RAG is the scalable answer: retrieve the 1,000 tokens that matter, not the million that exist.
Semantic search vs keyword search
Traditional search (BM25, Elasticsearch) finds documents that share words with the query. If the query says “return policy” and the document says “refund guidelines,” keyword search may miss it.

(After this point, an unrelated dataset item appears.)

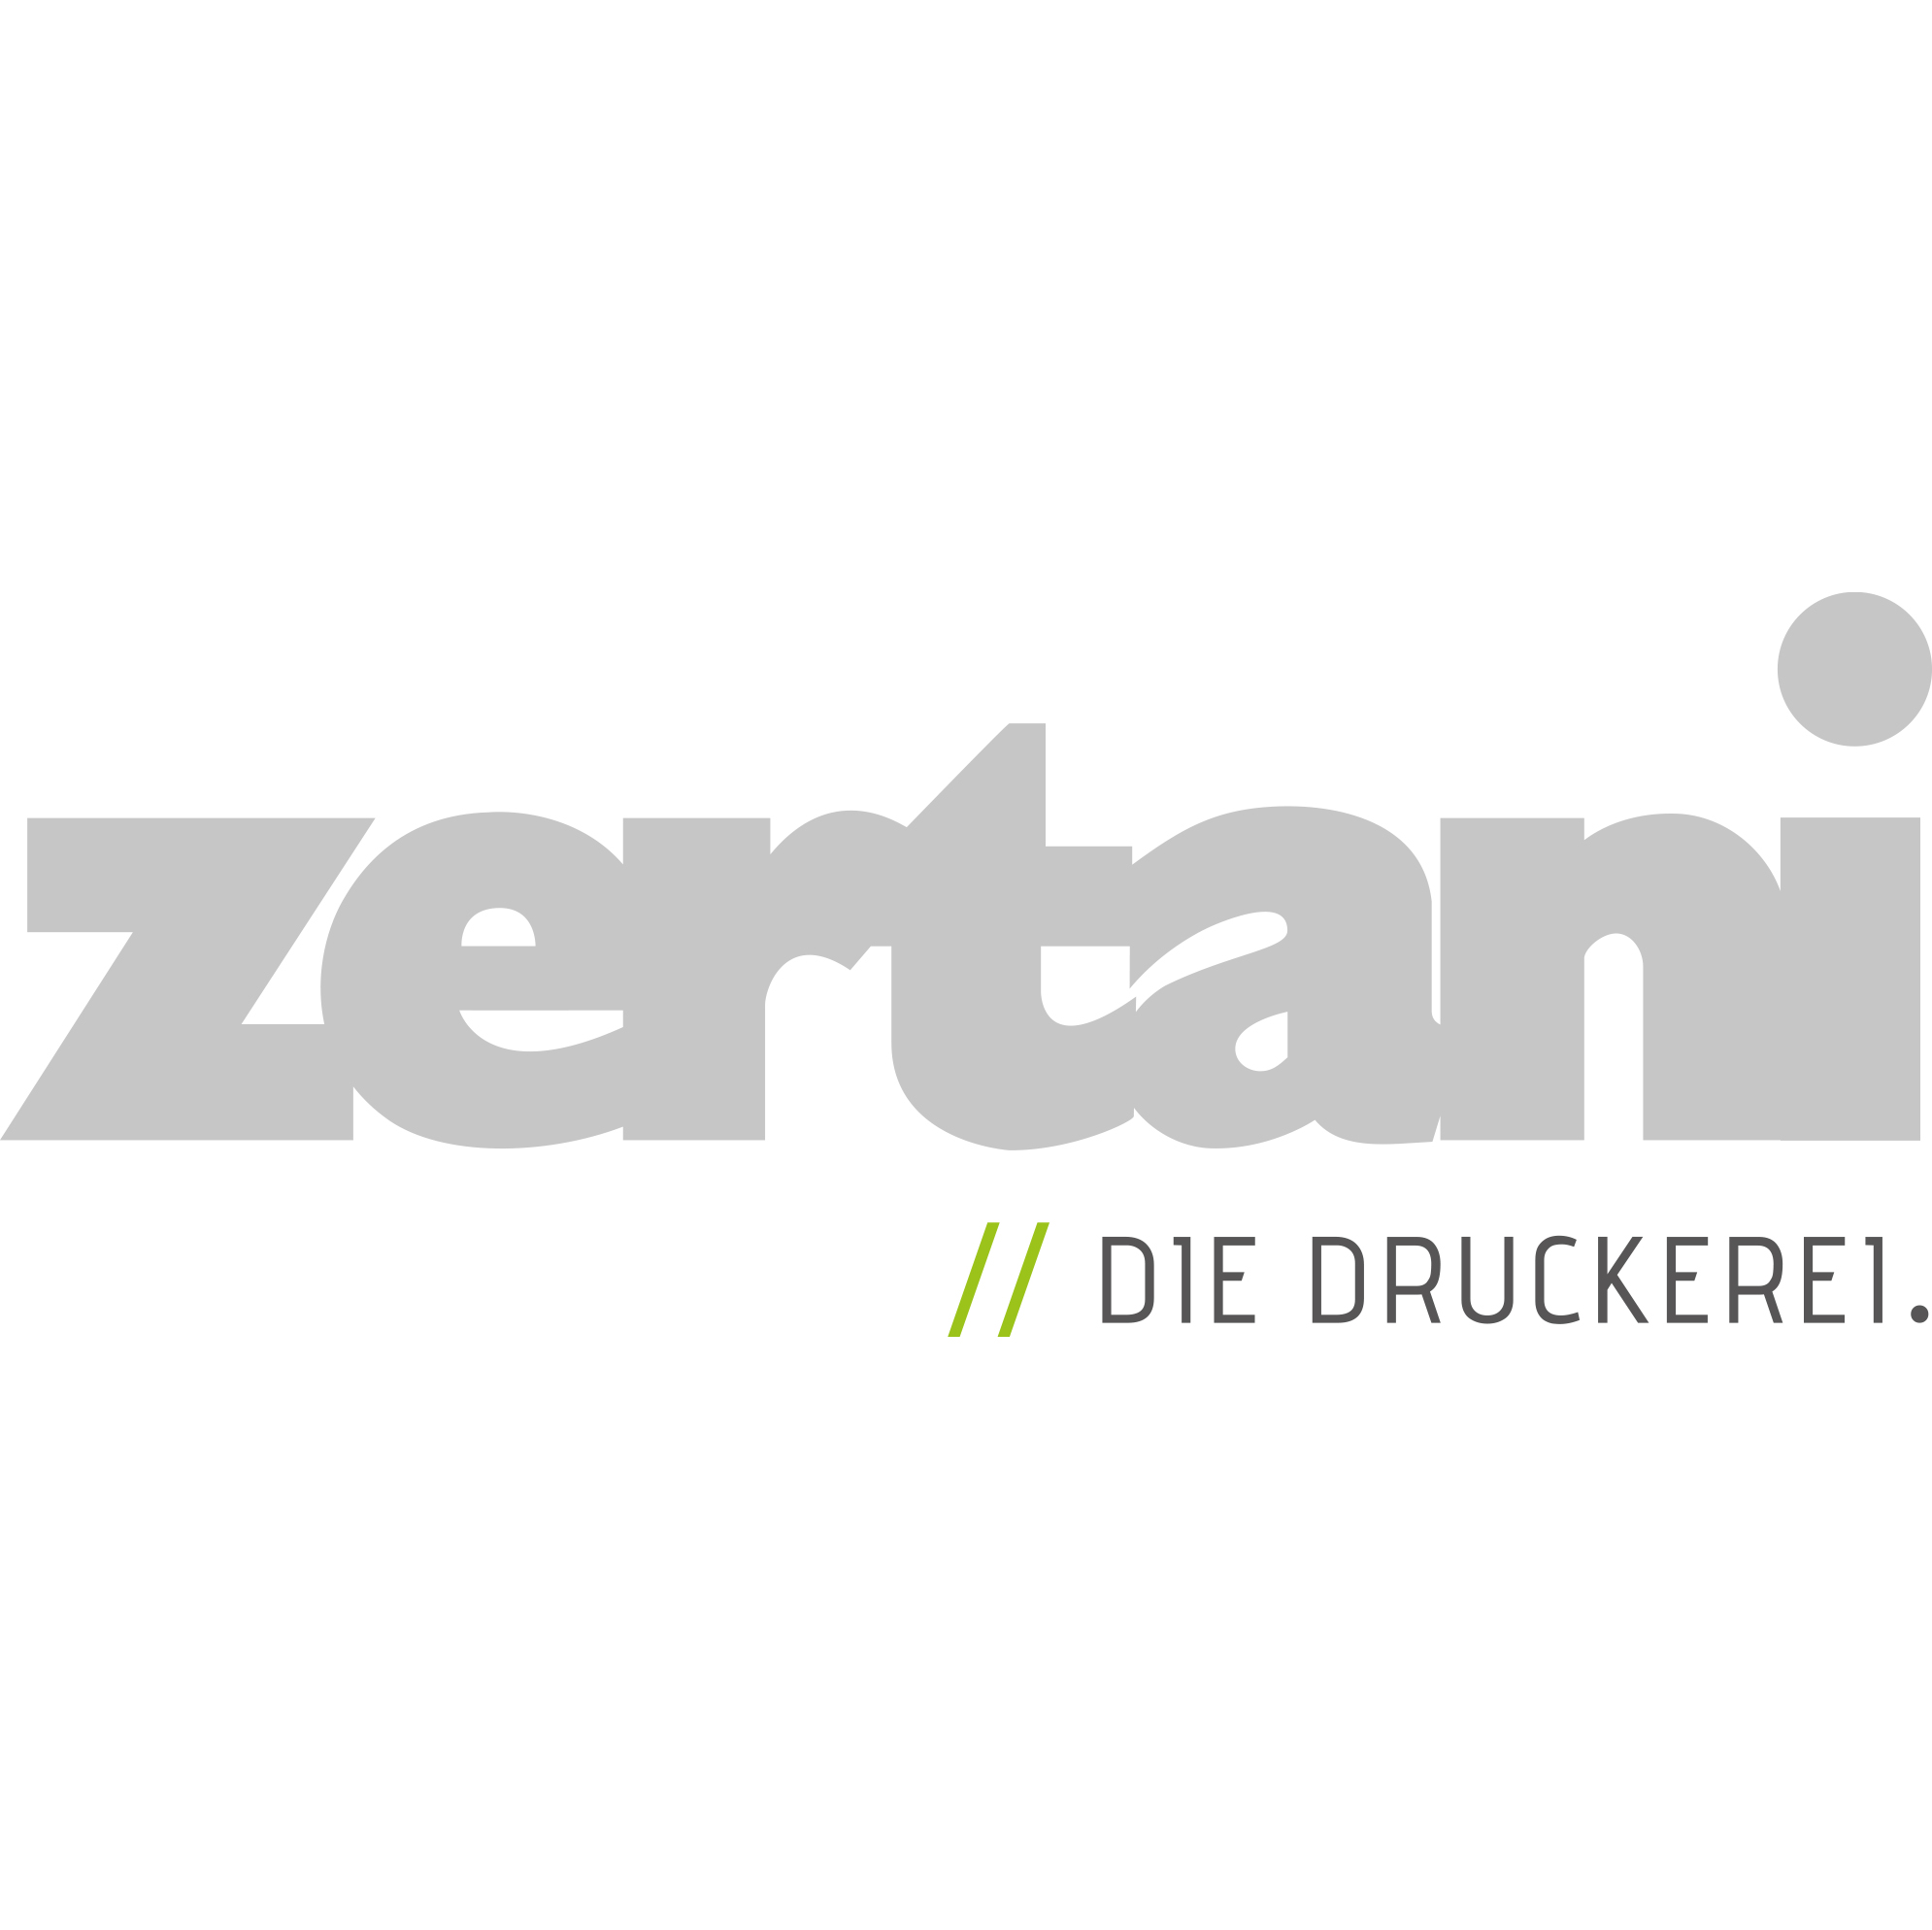 Zertani Logo aktuell_groesser_final.jpg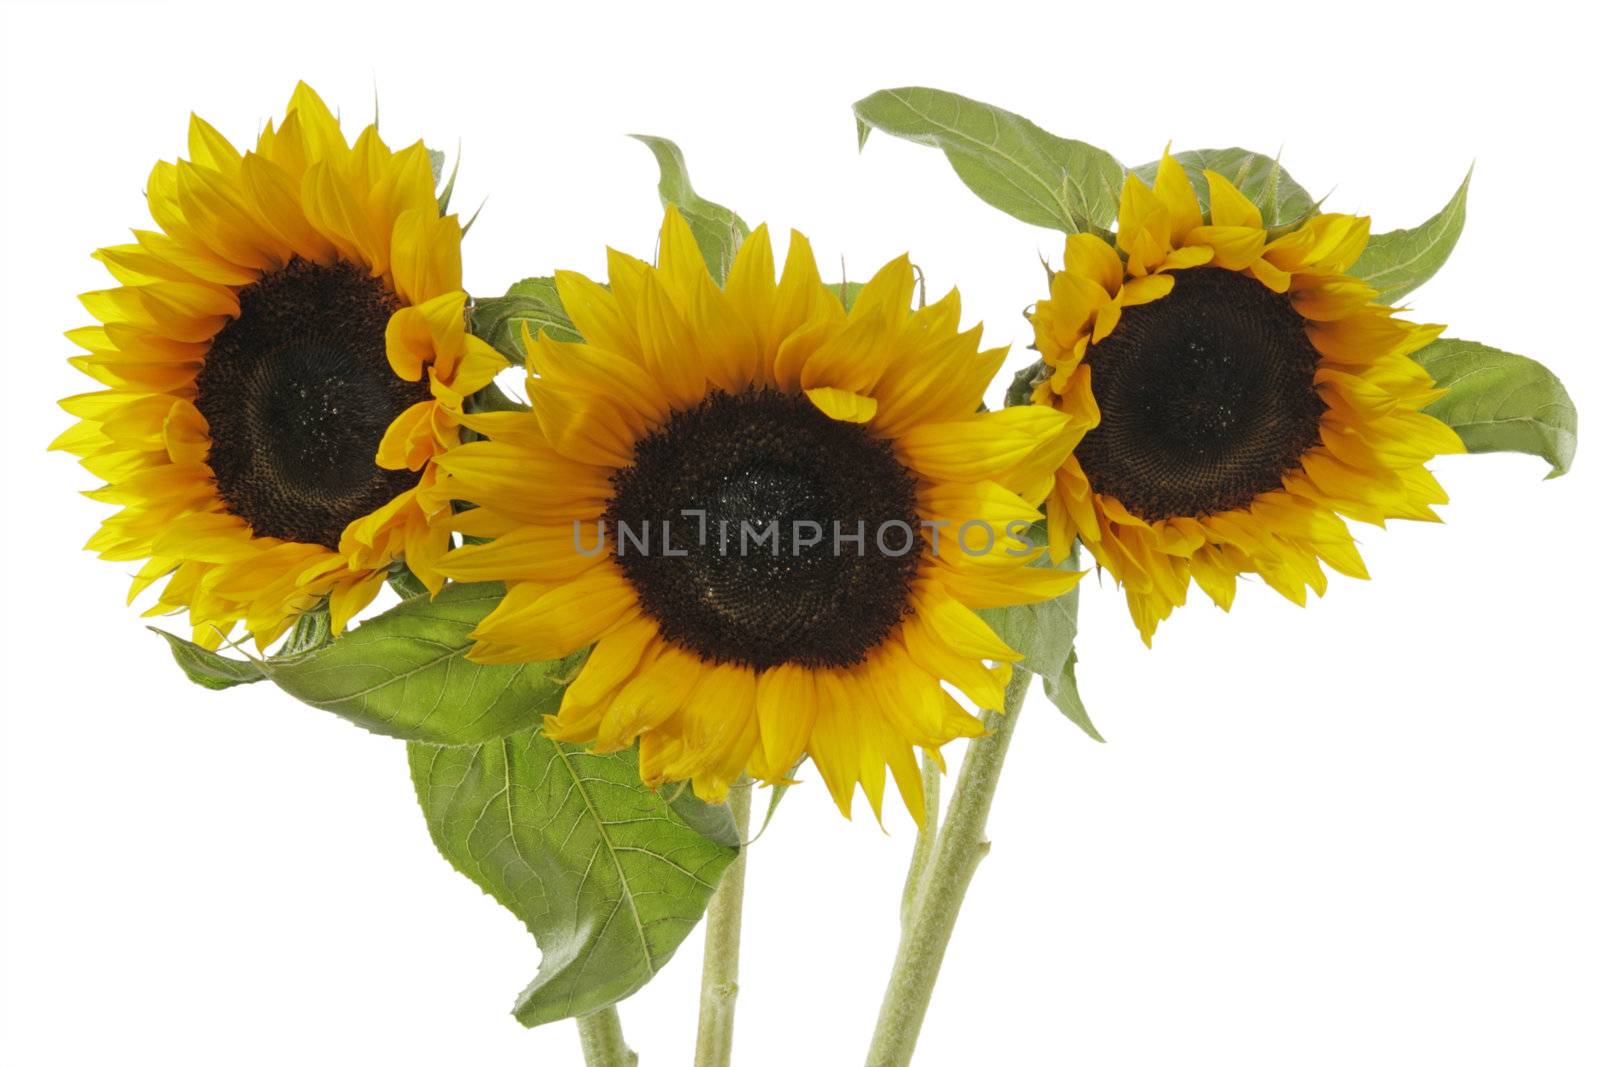 Sunflowers by Teamarbeit

Embedding-based (semantic) search converts text to vectors that capture meaning, not words. “Return policy” and “refund guidelines” end up close together in vector space because they mean similar things. This is why vector search is the backbone of most production RAG systems: module 2.2 covers how it works.
The evaluation problem
You can’t evaluate RAG by asking “does it give a good answer?” You need to evaluate two separate things:
- Retrieval quality: Are the right chunks being retrieved? This is measurable independently of the model.
- Generation quality: Given the right chunks, does the model produce a faithful, useful answer?
A system with great retrieval and bad generation fails. A system with great generation and bad retrieval fails differently: it gives confident, well-written wrong answers. Module 2.6 covers how to measure both.
Further reading
- Retrieval-Augmented Generation for Knowledge-Intensive NLP Tasks; Lewis et al., 2020. The foundational RAG paper that established the pattern; still the clearest explanation of why retrieval beats recall.
- REALM: Retrieval-Augmented Language Model Pre-Training; Guu et al., 2020. An earlier approach that integrates retrieval into pre-training; useful contrast to inference-time RAG.
- Benchmarking Large Language Models in Retrieval-Augmented Generation, Chen et al., 2023. Systematic evaluation of how well LLMs use retrieved context, relevant to understanding when RAG helps and when it doesn’t.